**Task brief**
The copy should begin at the line containing "Juvena Body Care" and end at the last line of the material. Please reproduce those lines exactly and keep pictures out.

**Data**
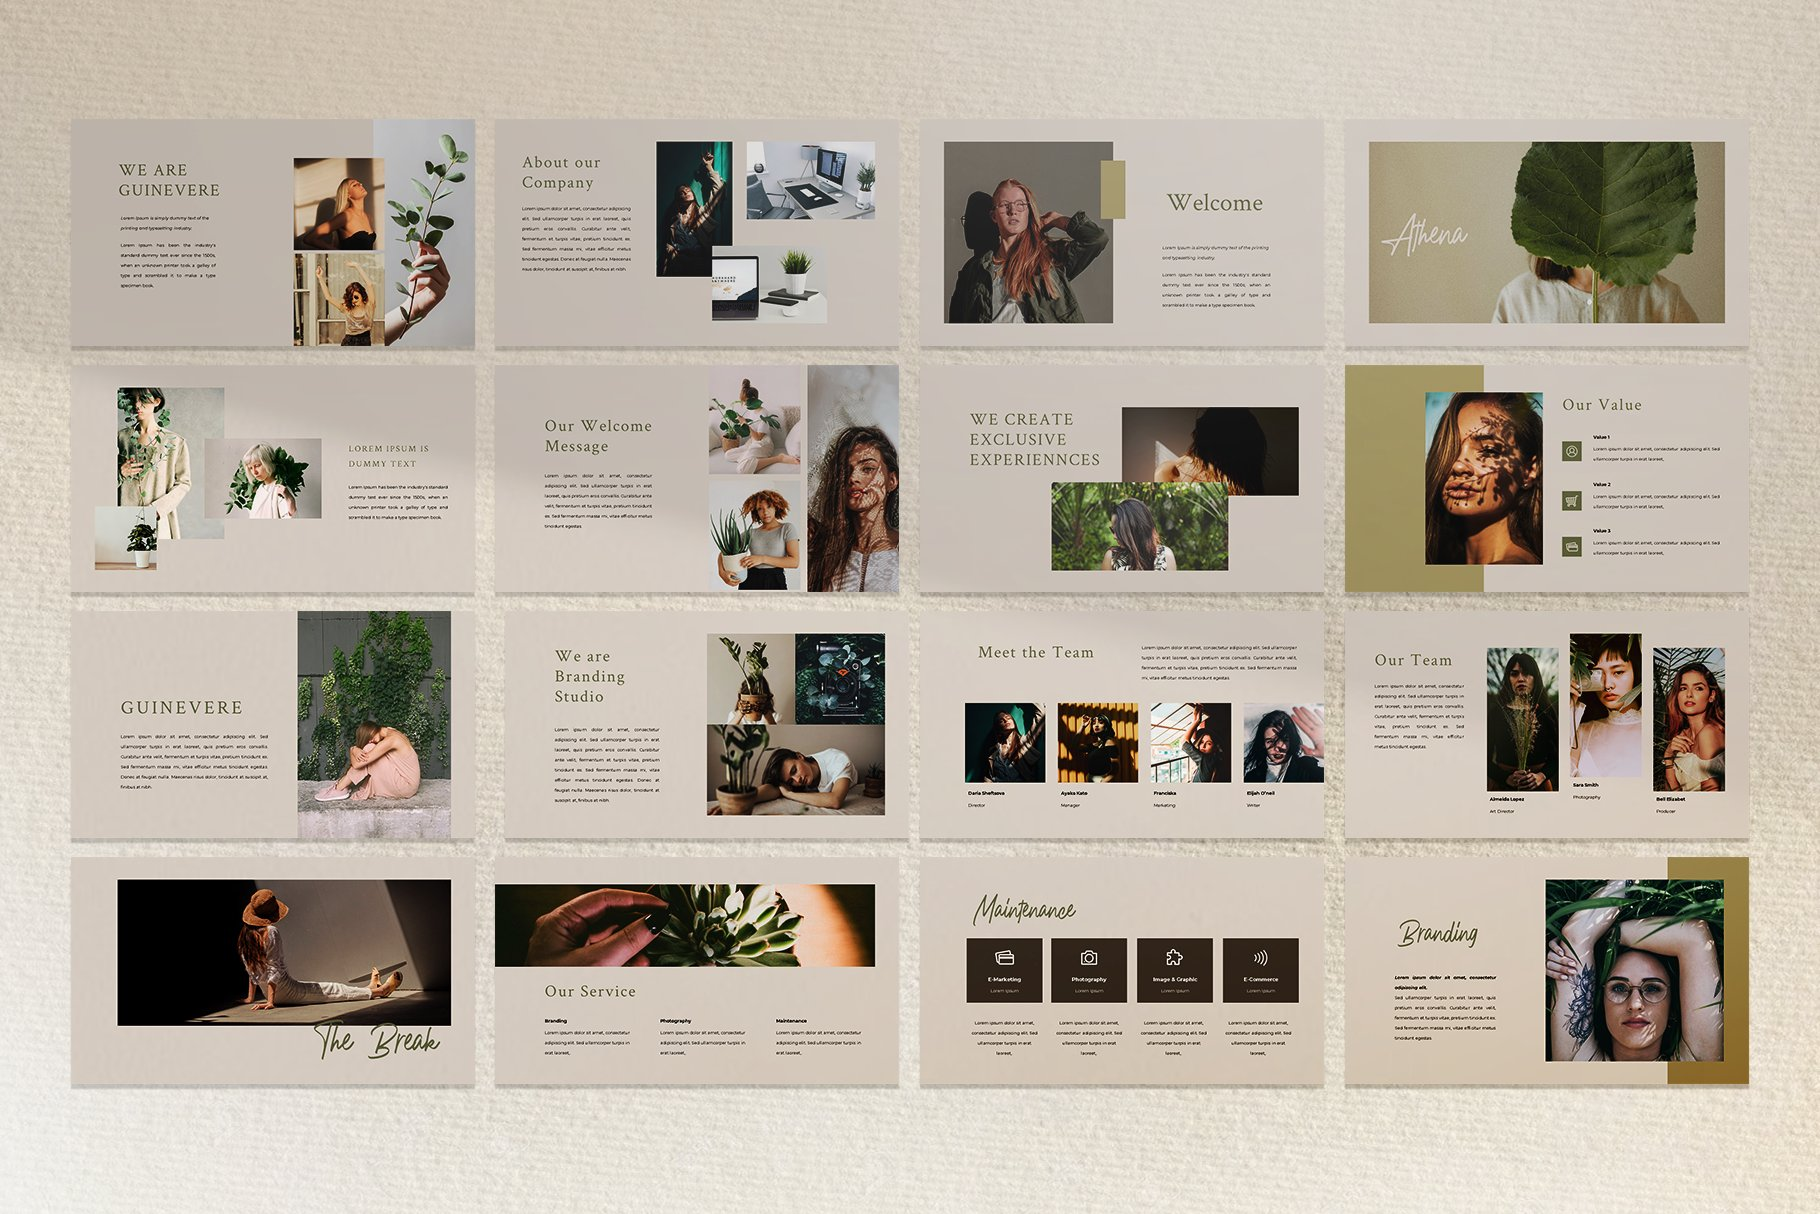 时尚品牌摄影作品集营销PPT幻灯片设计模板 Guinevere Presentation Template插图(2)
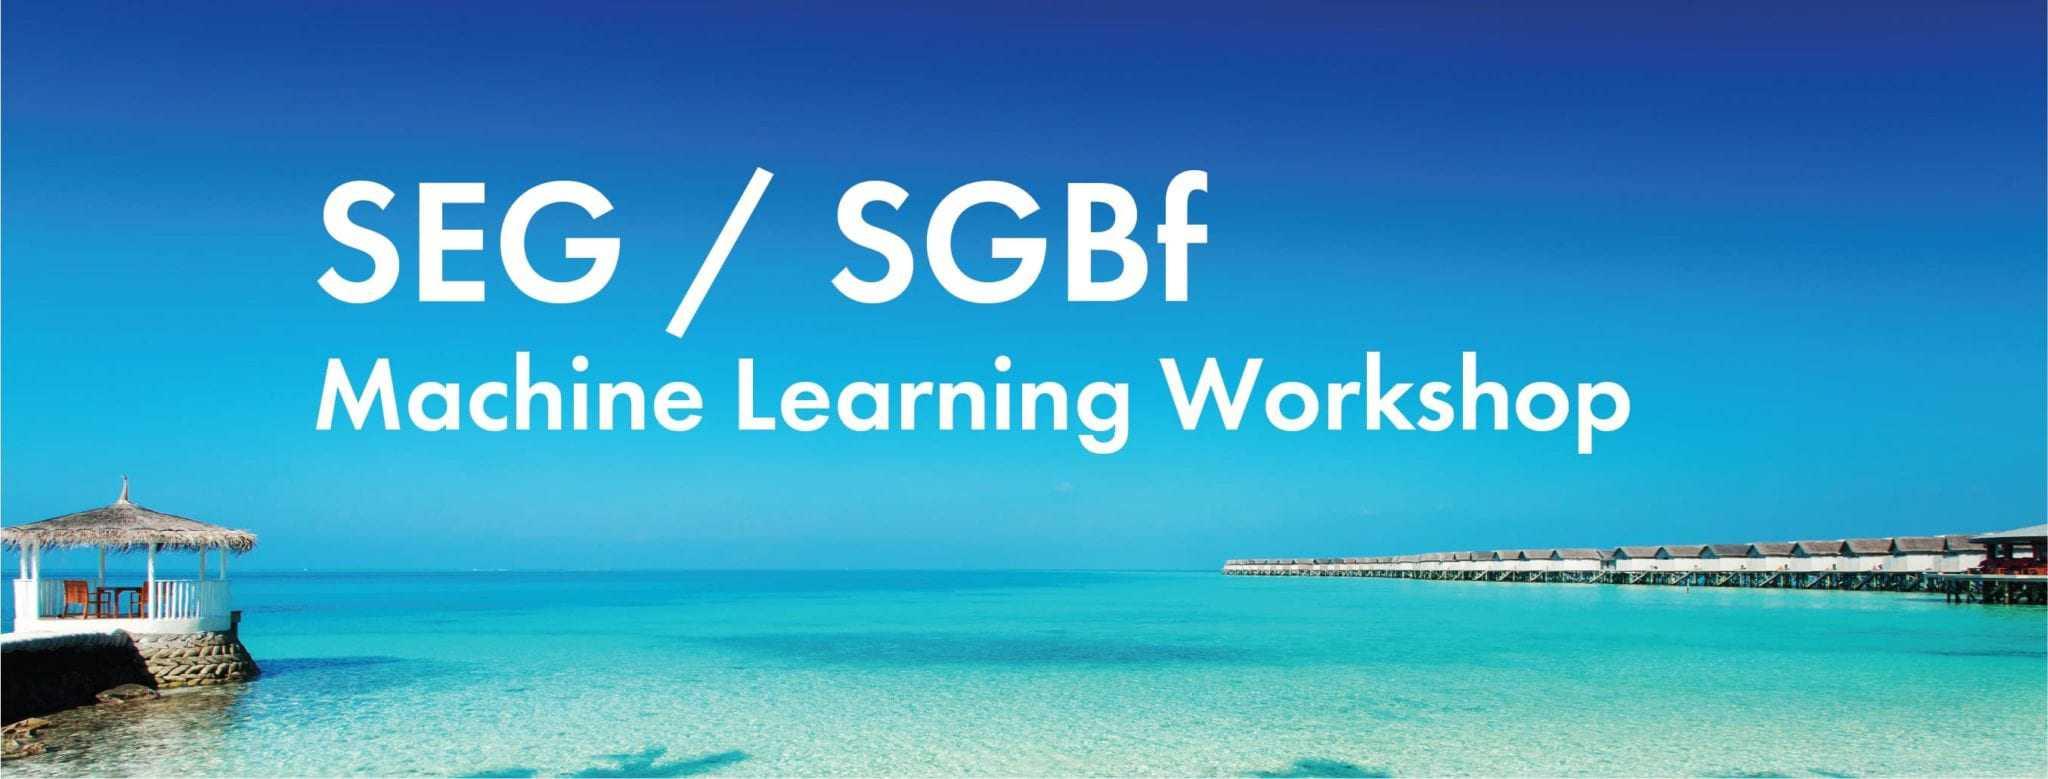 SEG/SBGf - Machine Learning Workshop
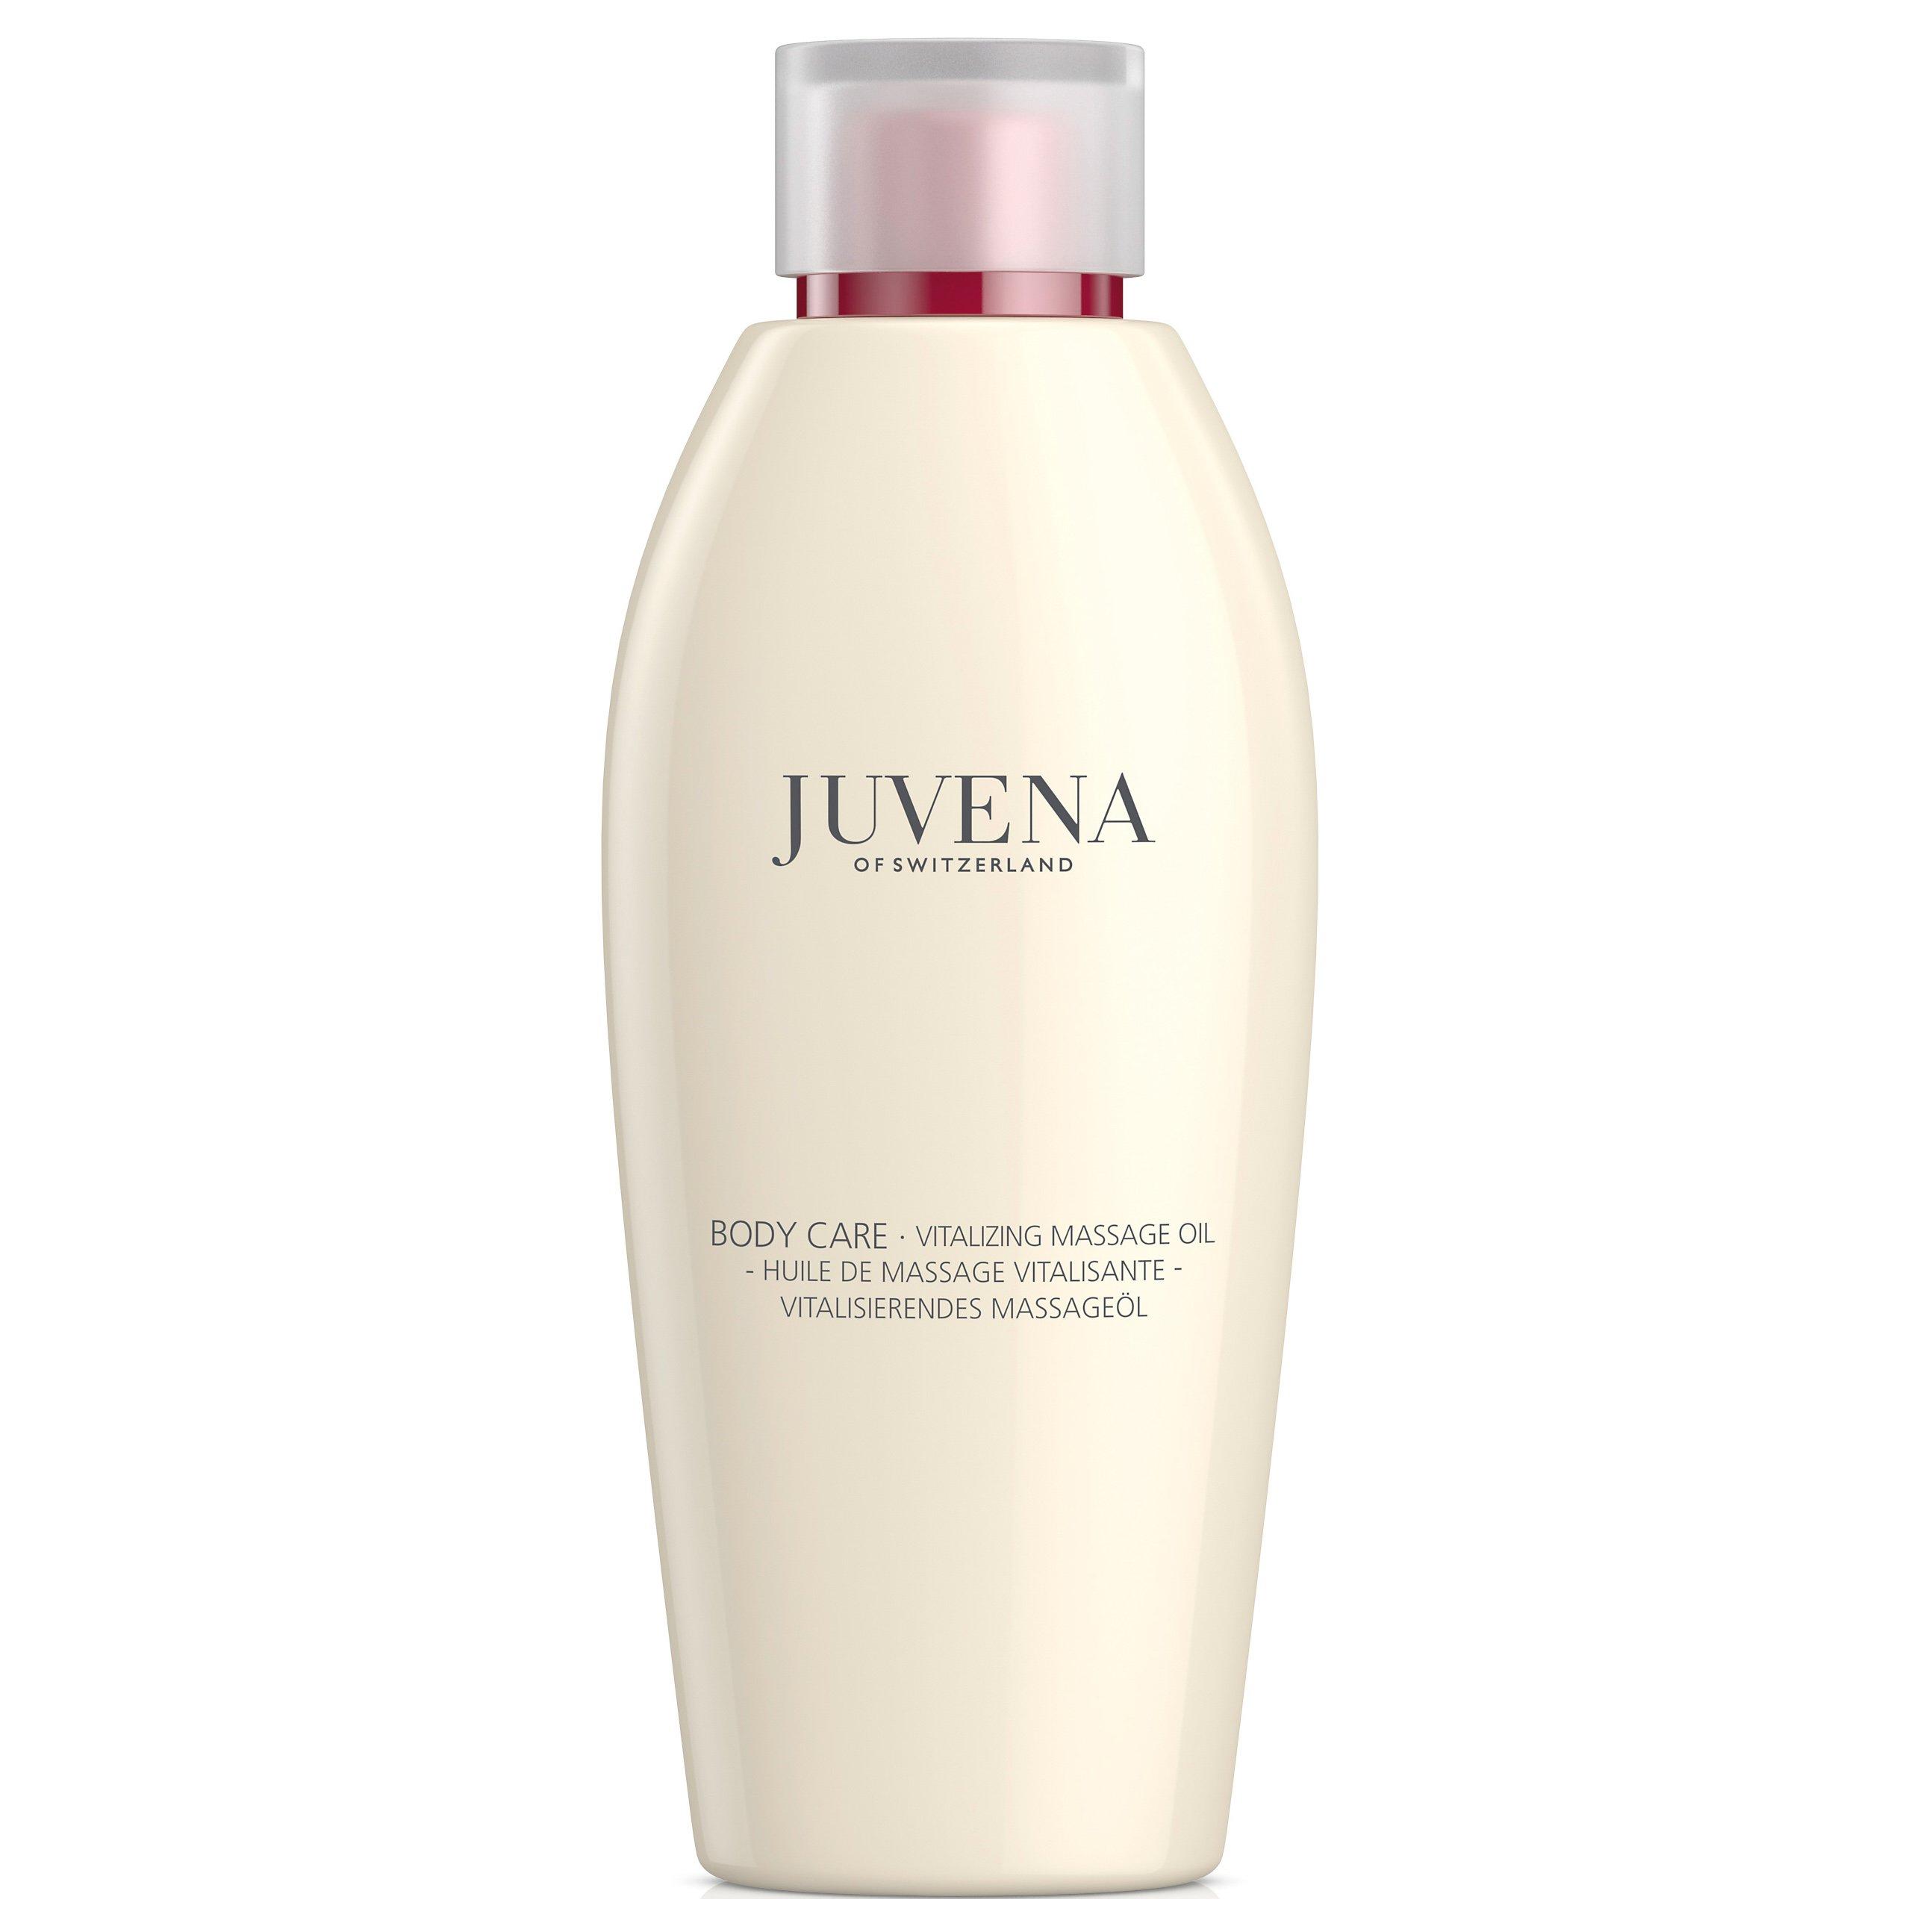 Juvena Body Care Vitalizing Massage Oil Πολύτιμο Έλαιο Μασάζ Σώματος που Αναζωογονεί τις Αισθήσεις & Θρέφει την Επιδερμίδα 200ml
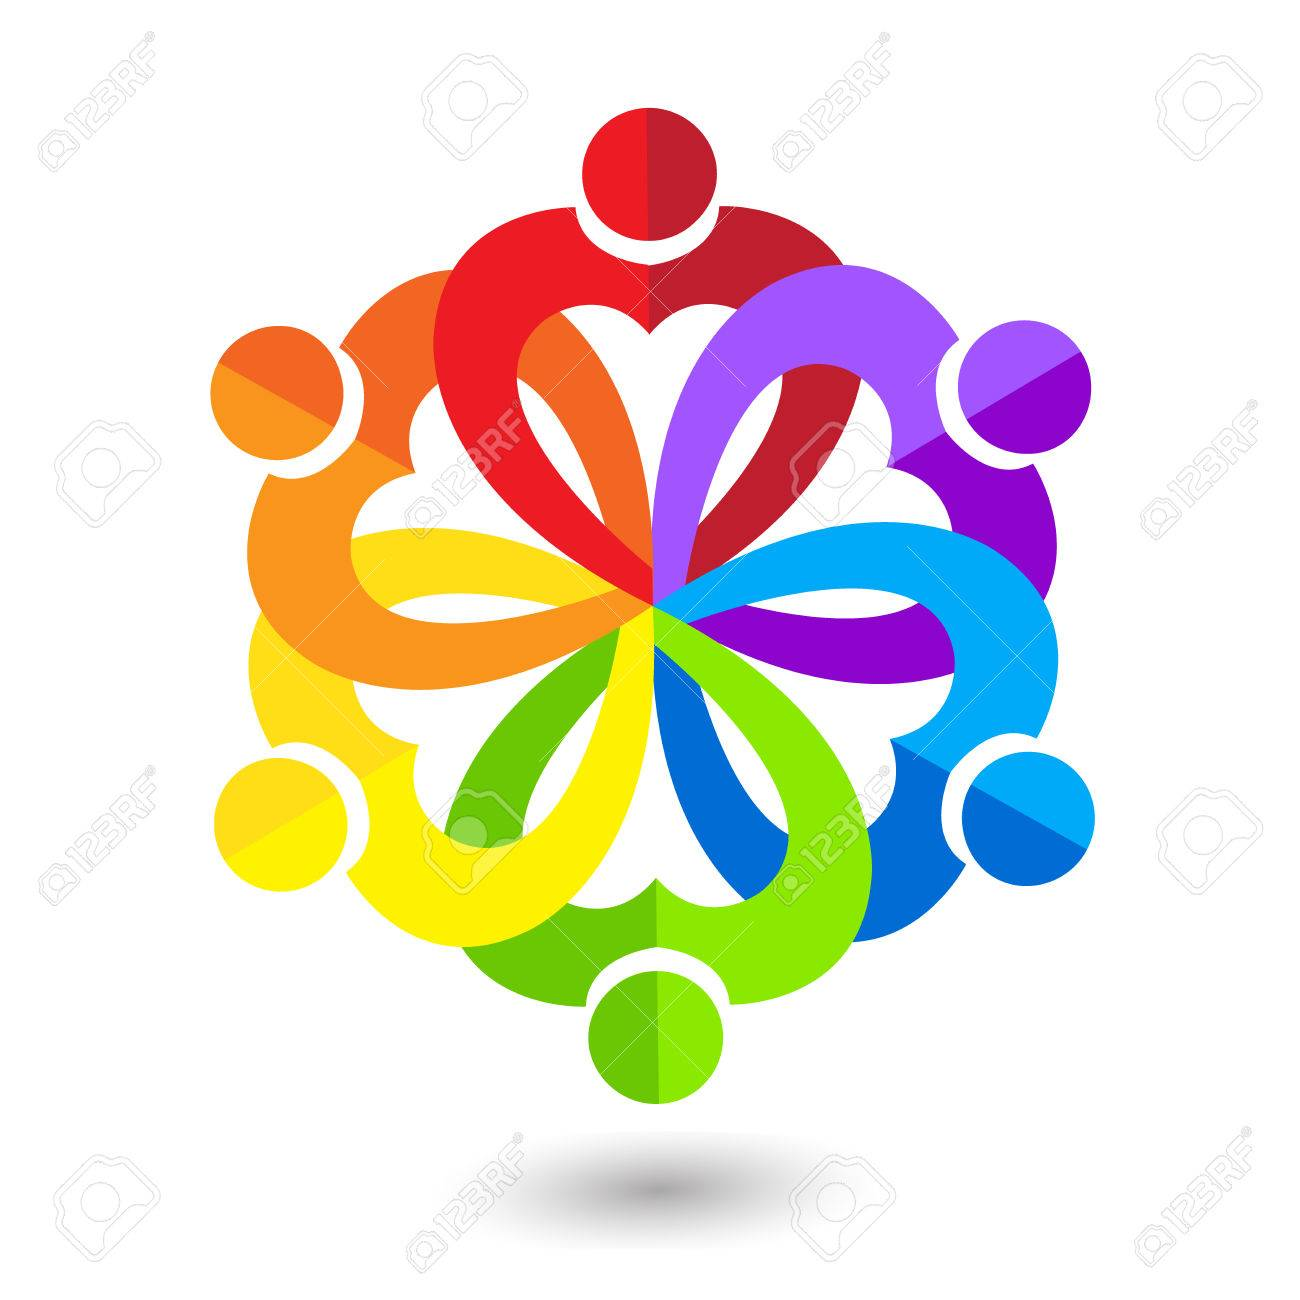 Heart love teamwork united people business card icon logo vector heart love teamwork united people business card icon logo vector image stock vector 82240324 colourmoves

**Answer area**
 Juvena Body Care Vitalizing Massage Oil Πολύτιμο Έλαιο Μασάζ Σώματος που Αναζωογονεί τις Αισθήσεις & Θρέφει την Επιδερμίδα 200ml
 Heart love teamwork united people business card icon logo vector heart love teamwork united people business card icon logo vector image stock vector 82240324 colourmoves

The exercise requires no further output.